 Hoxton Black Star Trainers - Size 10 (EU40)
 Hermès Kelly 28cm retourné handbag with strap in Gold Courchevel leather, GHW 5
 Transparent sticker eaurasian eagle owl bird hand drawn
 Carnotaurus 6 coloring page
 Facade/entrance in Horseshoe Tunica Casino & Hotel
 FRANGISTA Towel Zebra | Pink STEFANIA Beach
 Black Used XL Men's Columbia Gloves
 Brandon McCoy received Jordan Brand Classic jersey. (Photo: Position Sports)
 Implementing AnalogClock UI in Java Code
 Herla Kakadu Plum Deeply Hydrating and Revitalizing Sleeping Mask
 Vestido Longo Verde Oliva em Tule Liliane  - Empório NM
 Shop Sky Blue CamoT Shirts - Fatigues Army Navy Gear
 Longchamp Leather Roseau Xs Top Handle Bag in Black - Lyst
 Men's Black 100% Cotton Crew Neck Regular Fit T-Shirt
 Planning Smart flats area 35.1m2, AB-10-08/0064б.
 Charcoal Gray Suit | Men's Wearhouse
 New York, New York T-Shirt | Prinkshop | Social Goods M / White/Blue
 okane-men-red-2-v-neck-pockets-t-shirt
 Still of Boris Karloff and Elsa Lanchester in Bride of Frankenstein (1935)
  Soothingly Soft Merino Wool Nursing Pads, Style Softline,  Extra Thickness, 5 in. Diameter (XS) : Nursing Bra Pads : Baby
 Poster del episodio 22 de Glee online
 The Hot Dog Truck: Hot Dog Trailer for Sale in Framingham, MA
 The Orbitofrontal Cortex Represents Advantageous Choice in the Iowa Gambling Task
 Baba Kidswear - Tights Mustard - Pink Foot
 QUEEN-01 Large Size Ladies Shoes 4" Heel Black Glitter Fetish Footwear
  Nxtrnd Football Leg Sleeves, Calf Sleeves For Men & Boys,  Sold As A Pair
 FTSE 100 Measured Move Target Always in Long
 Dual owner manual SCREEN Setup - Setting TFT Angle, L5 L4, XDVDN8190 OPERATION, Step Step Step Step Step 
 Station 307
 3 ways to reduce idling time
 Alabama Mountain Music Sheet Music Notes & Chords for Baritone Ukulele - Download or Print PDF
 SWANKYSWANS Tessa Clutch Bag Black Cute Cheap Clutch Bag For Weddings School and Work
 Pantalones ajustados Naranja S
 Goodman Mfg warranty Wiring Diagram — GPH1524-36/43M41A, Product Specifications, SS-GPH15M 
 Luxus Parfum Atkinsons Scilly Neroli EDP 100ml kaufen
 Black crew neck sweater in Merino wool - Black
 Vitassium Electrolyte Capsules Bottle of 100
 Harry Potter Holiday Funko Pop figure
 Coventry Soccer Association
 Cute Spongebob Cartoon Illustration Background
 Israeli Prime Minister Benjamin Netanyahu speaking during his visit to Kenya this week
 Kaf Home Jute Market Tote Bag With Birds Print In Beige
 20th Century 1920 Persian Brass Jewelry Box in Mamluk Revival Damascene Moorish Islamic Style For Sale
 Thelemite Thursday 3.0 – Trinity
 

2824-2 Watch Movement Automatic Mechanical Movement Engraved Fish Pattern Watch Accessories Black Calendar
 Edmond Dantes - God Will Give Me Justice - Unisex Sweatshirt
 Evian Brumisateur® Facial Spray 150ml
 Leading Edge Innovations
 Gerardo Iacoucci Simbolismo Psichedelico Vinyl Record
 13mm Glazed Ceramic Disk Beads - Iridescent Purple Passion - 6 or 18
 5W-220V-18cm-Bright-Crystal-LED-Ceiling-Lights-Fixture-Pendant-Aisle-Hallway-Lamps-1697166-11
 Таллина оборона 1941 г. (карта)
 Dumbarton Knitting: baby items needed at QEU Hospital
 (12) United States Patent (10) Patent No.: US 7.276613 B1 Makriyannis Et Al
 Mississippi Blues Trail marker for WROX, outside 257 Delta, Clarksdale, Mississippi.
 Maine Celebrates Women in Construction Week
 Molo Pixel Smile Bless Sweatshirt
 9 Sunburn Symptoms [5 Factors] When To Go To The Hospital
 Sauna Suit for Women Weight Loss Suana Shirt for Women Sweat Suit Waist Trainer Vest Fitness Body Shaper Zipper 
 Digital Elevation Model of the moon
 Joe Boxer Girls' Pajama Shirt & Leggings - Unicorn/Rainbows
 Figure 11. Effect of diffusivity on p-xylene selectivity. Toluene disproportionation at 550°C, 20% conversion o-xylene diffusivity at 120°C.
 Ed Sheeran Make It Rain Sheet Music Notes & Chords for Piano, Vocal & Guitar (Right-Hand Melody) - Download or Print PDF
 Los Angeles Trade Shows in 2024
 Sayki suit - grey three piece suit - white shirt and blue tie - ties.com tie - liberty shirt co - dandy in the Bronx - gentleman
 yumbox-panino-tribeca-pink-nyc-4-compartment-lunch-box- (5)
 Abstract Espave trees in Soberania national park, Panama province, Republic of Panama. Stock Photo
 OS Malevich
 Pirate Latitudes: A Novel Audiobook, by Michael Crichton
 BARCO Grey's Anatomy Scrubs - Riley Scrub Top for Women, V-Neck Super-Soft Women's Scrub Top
========
Reply with one number, the count of lines in the data that contain "Women".

REPLY: 3